I think these are similar to kitaboshi, maybe same underlying manufacturer but cheaper. Looks like it.
Confirmed this is the case (they're the OEM), the best part of these pencils is the smell!!! wow!
2B or not 2B....That is the question...
I like Autopoint
I just realized, isn't it a huge waste to sharpen the tip? The only part that actually goes onto the paper is the small center.
I dig the intro music.
And how do we know that Shakespeare was into using pencils? "2B or not 2B, that is the question..."
Those Kohinoor rapidomatics are an amazing drawing experience! Thanks for this Fran. As primarily an artist, I'm definitely here for this content as well.
I used to be a Pentel fanboi, especially their HB lead. Probably still am, though I'm not sure since I rarely write anything anymore!
✏️✒️🖋🖊🖌🖍
You can and could buy cigarette filters for rolling your own cigarettes.
We used them for math.
Love it!
Thanks!
Thank YOU Zachary!
Yes, the pen and pencil videos are great...the leads from mechanical pencils can also be used to make a very simple, but functional carbon microphone...

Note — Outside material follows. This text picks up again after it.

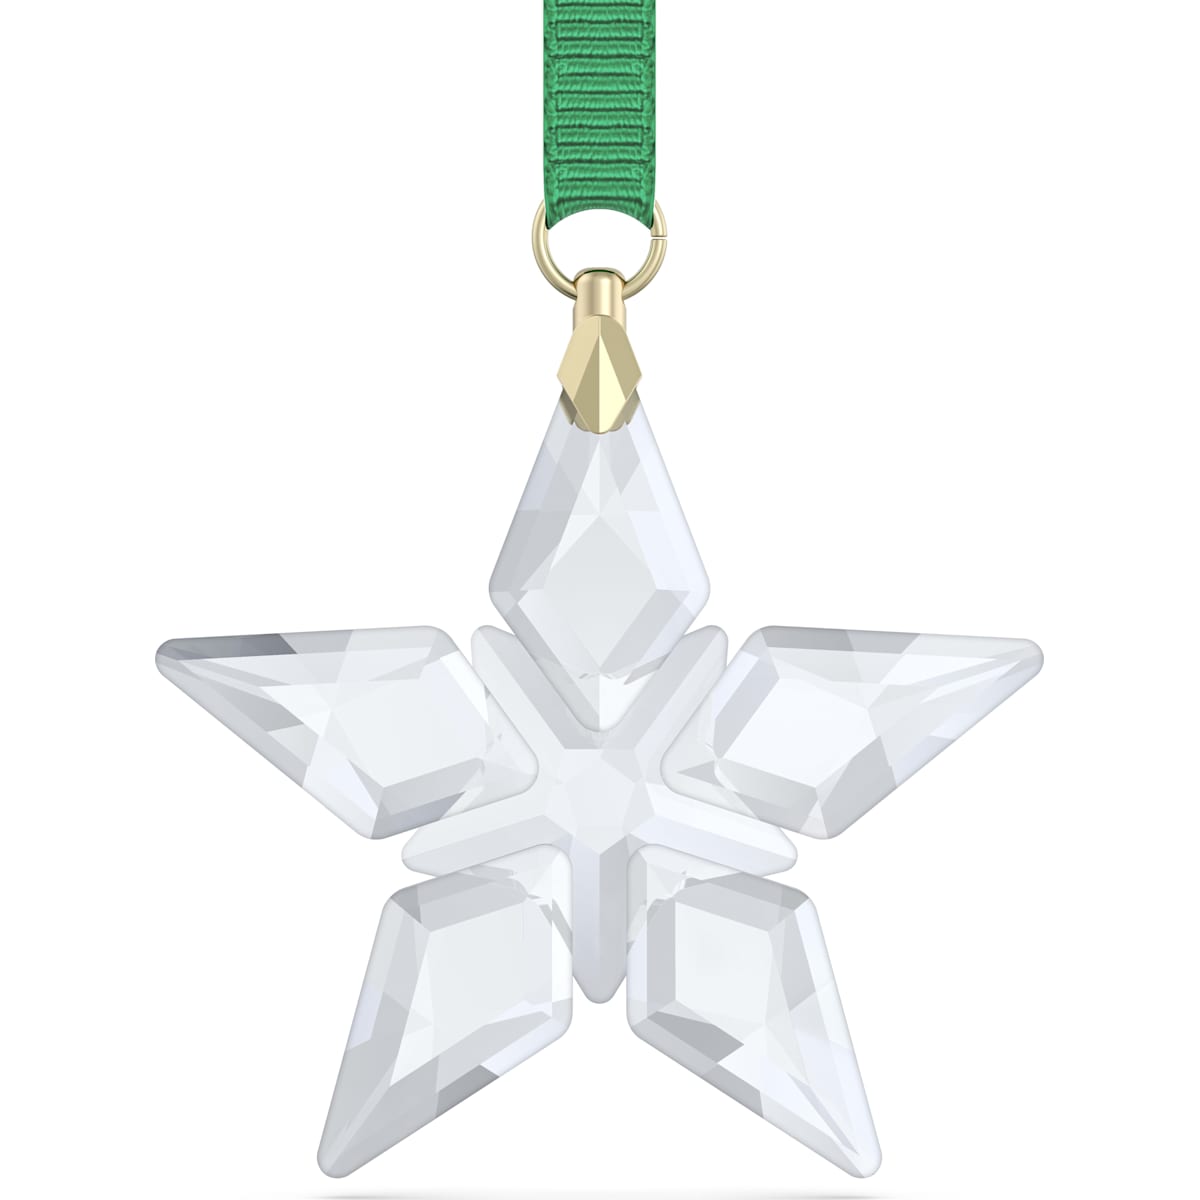 Swarovski Annual Edition Ornament Little Star - 5646769- Limited Stock

Drafting was part of shop class when I was in high school....I enjoyed it.
I wonder if it's still taught in high school, or is it a college thing now?
Great rundown on some mechanical pencils. The Timber seems nice. But the first wood one wouldn't appeal to me as I was never was a fan of pressing on the eraser.
Also, I wondered what yer smallest mechanical pencil is. That had been a quest of mine in the past
Nice Mechanical Pencils Fran, and you certainly have some nice hand writing. Not like me my writing not that I do it much at all looks more like a 7 Year Old's.
Have you ever done a study of the history of pencil sharpeners, and unusual ones?
Cool video. * but as usual ALL of yours are
Here in Australia we called them "pacers". I could never get used to them during my school days - the slightest bit of pressure on the lead and it would break. A couple of decades later, a dear friend got me to try out her Pentel Twist-Erase 0.9 and I've yet to break the lead after 5 years of regular use.